HOW TO COMPLETE THIS TASK >> Each line below must be set down exactly; omit any image you find.

THE DATA >>
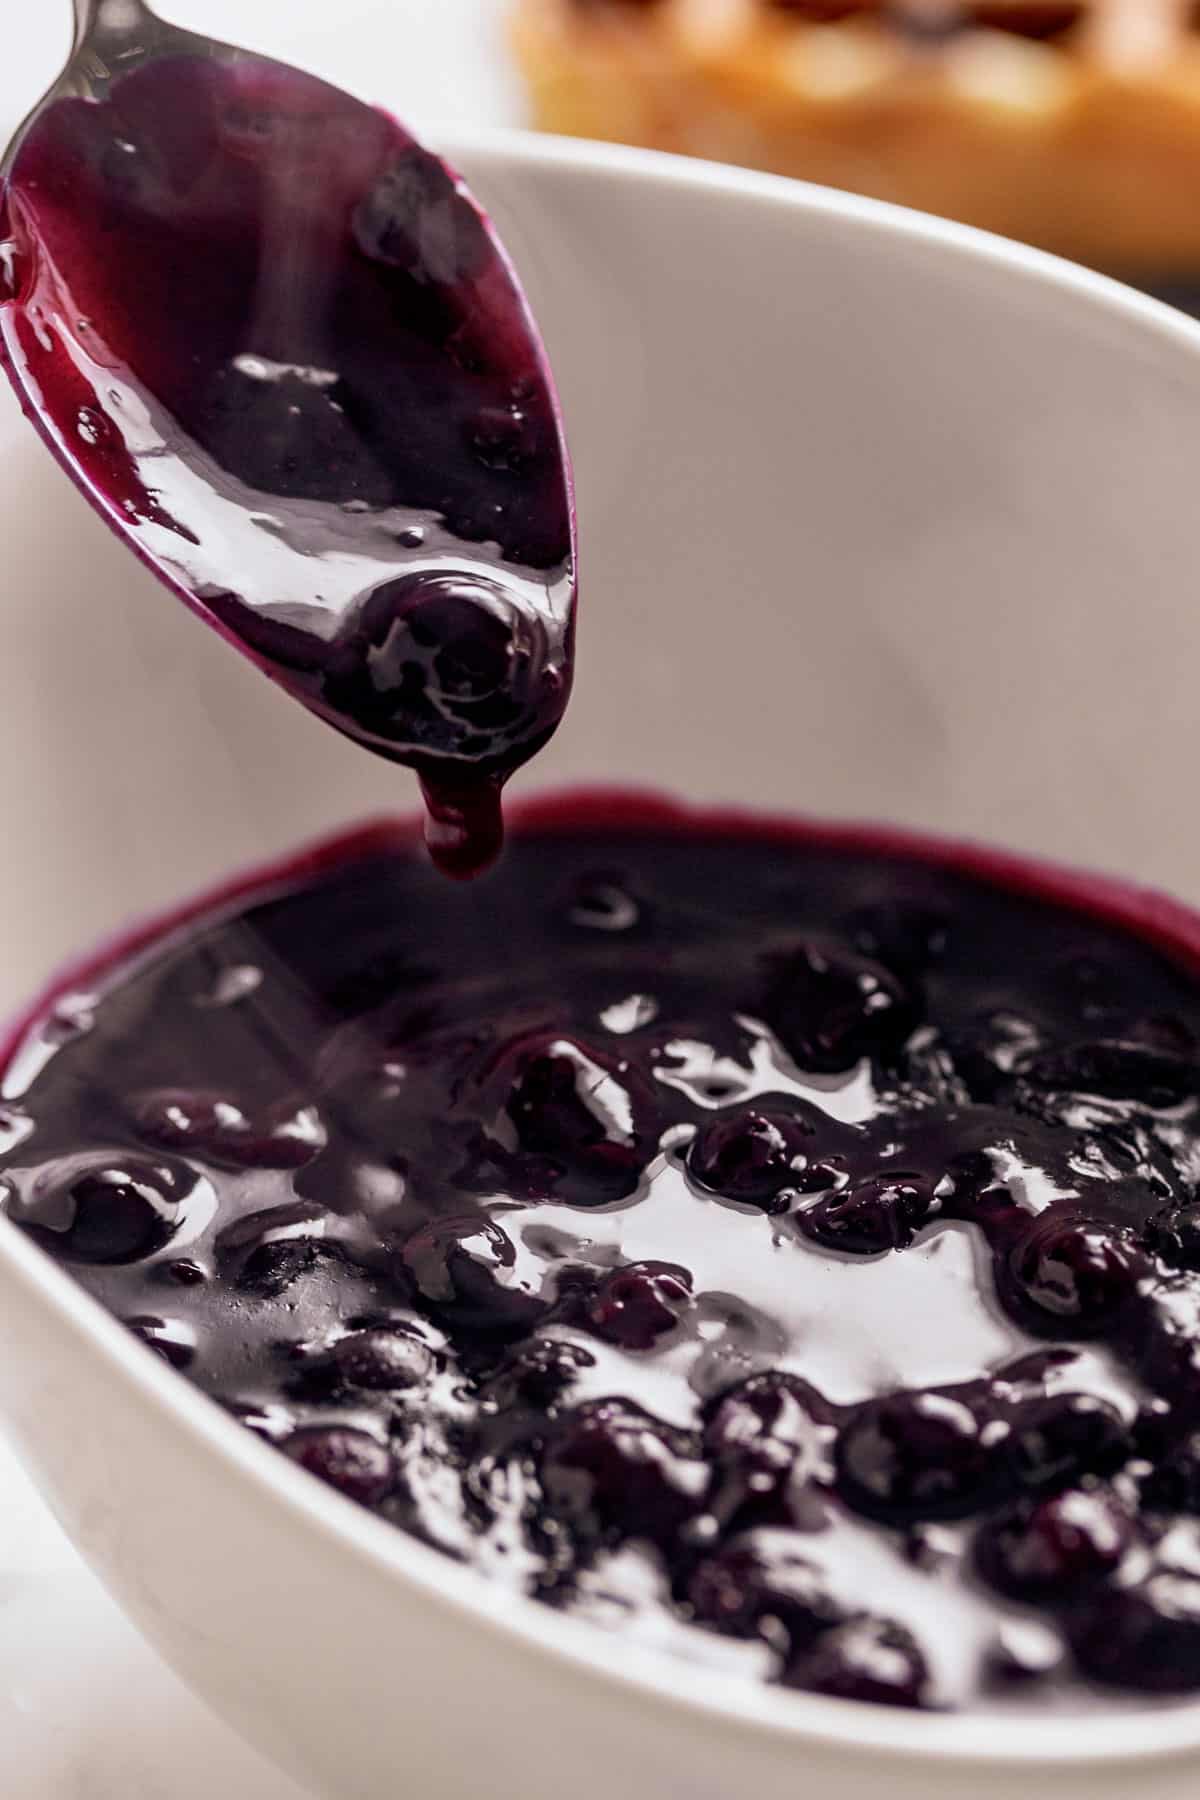 Blueberry Sauce served in a white bowl with a metal spoon | craveitall.com
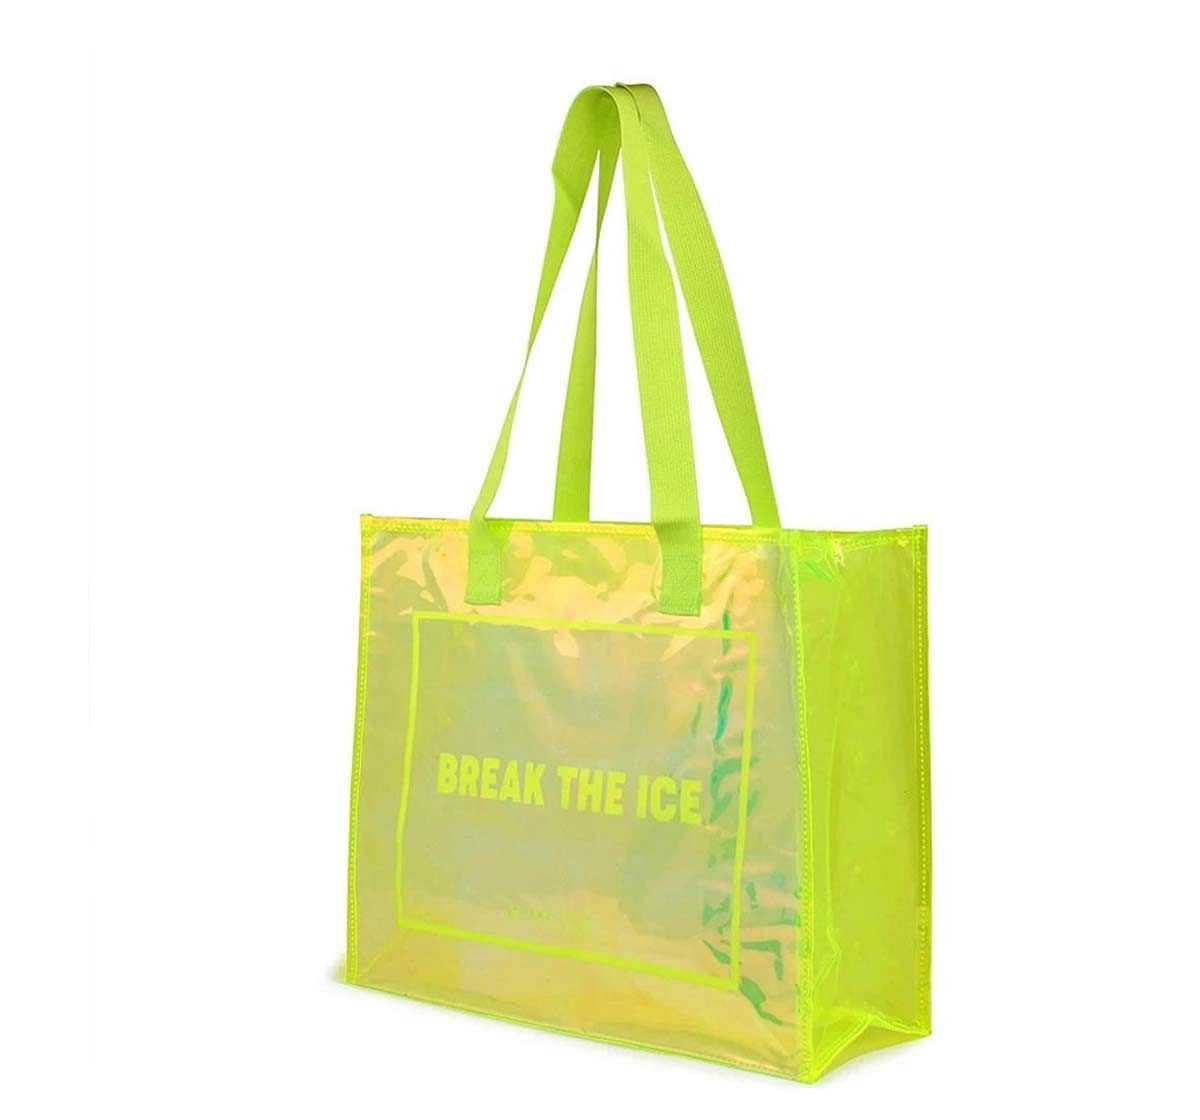 Hamster London Tote Bag Green Travel for Kids Age 3Y+ (Green)
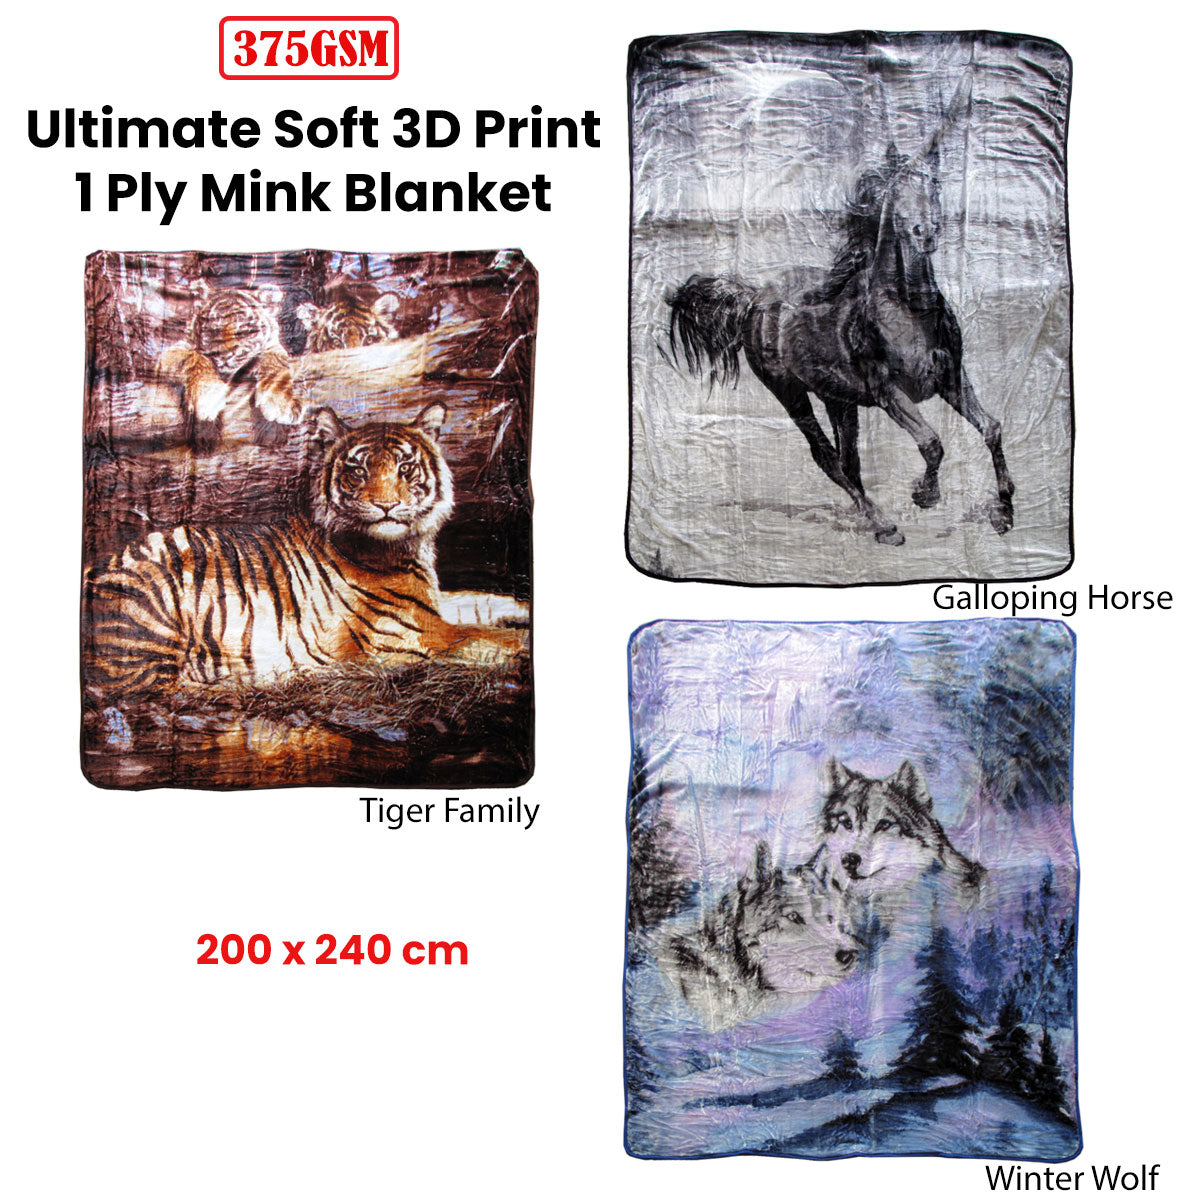 375gsm 1 Ply 3D Print Faux Mink Blanket Queen 200x240 cm Galloping Horse

SOLUTION TO THE EXERCISE >>
 Blueberry Sauce served in a white bowl with a metal spoon | craveitall.com
 Hamster London Tote Bag Green Travel for Kids Age 3Y+ (Green)
 375gsm 1 Ply 3D Print Faux Mink Blanket Queen 200x240 cm Galloping Horse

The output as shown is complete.